The Kafka cluster durably persists all published records — whether or not they have been consumed — using a configurable retention period. For example, if the retention policy is set to two days, then for the two days after a record is published, it is available for consumption, after which it will be discarded to free up space. Kafka's performance is effectively constant with respect to data size so storing data for a long time is not a problem.

카프카 클러스터는 구성 가능한 보존 기간을 사용해 publish된 레코드들이 consume이 되든 안되든, 모두 영속적으로 유지한다.

예를 들어, 이틀로 보존 기간이 설정되어 있을 때, publish 된 이후 이틀간은 consume할 수 있고 이후에는 사용 공간을 위해 폐기된다. Kafka의 성능은 데이터 크기와 관련하여 사실상 일정하므로 데이터를 오랫동안 저장하는 것은 문제가 되지 않는다.

consumer

In fact, the only metadata retained on a per-consumer basis is the offset or position of that consumer in the log. This offset is controlled by the consumer: normally a consumer will advance its offset linearly as it reads records, but, in fact, since the position is controlled by the consumer it can consume records in any order it likes. For example a consumer can reset to an older offset to reprocess data from the past or skip ahead to the most recent record and start consuming from "now".
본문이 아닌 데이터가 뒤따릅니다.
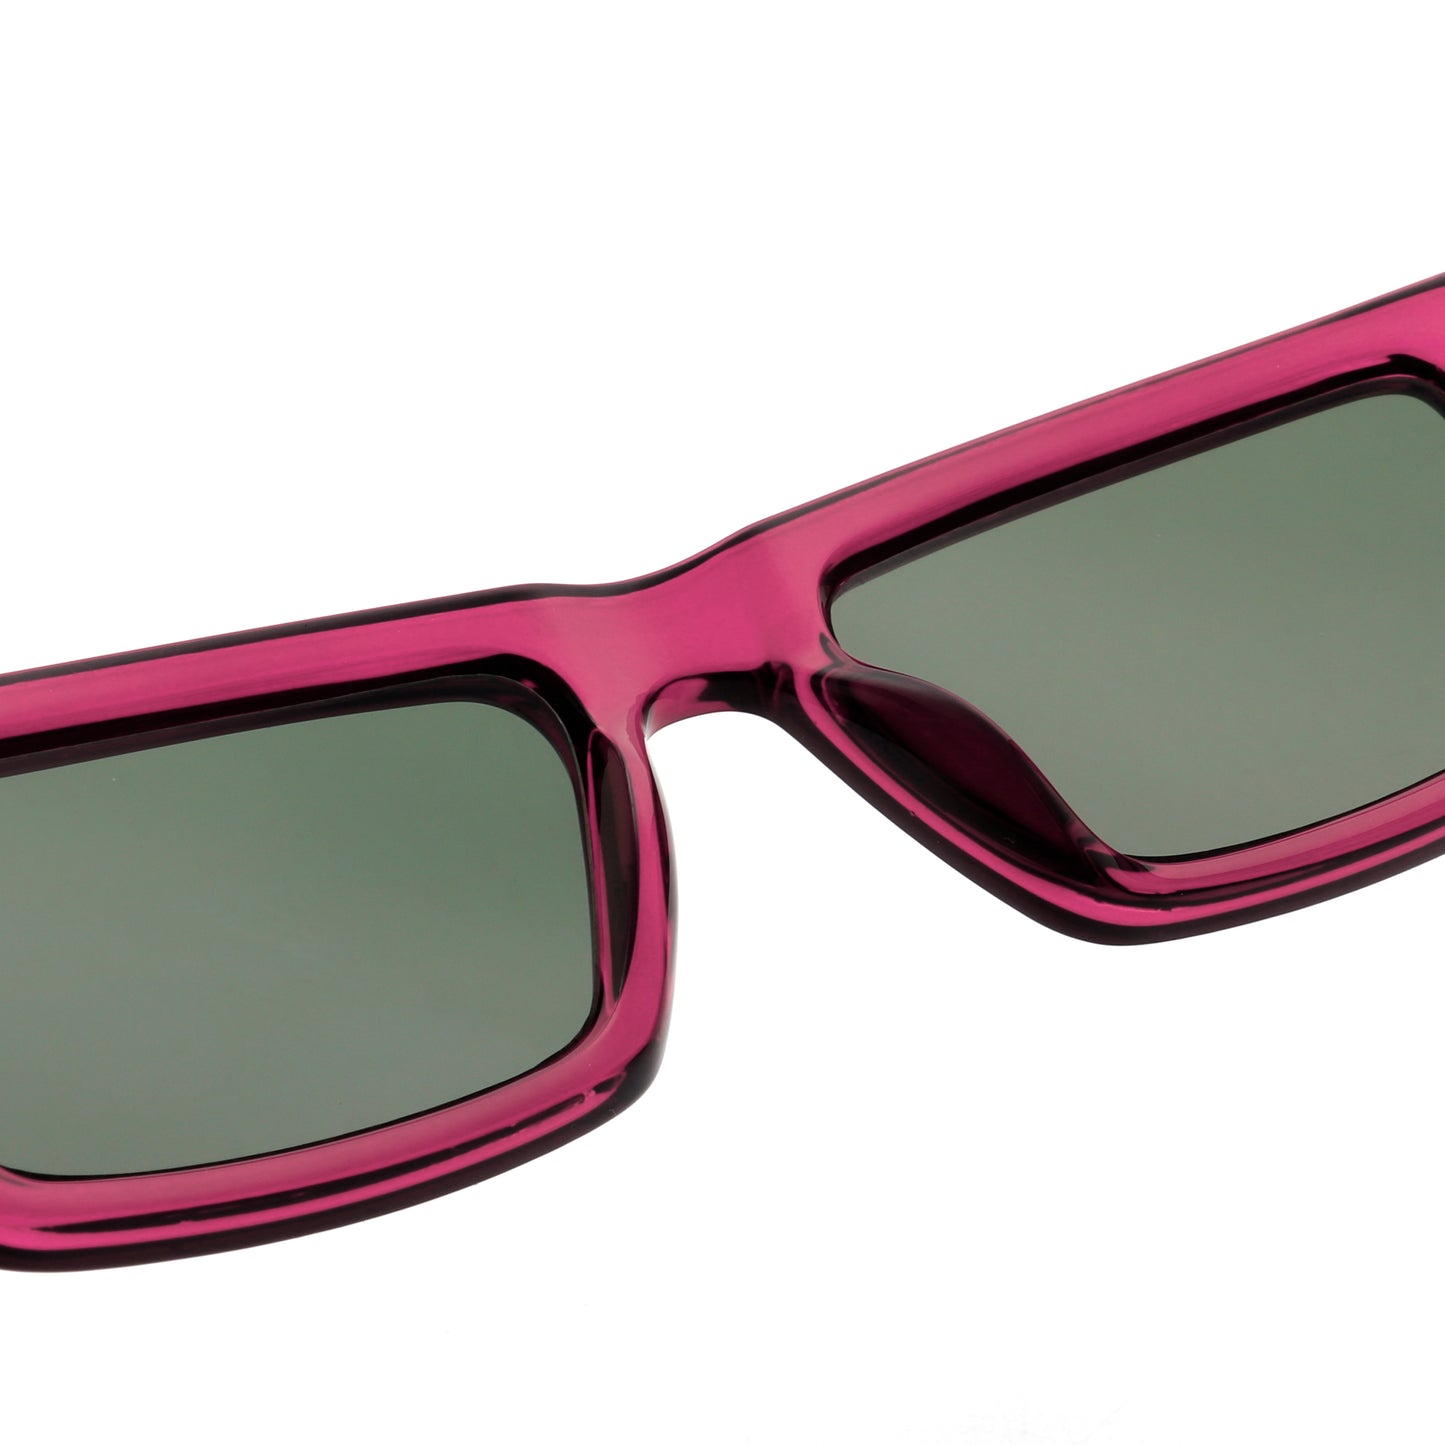 A.Kjaerbede Fame Sunglasses in Burgundy Transparent color

실제로는 consumer 기준으로 유지되는 유일한 메타 데이터는 로그에서 해당 소비자의 offset 또는 위치이다.

이 offset은 consumer에 의해 제어된다: 일반적으로 consumer는 선형적으로 offset을 읽어드리지만, 실제로는 consumer에 의해 offset이 제어되므로 선호하는 순서로 consume할 수 있다.

예를 들어, 소비자는 과거의 데이터를 다시 처리하기 위해 오래된 offset으로 재설정하거나 가장 최근의 레코드로 건너 뛰고 “지금”부터 consume할 수도 있다.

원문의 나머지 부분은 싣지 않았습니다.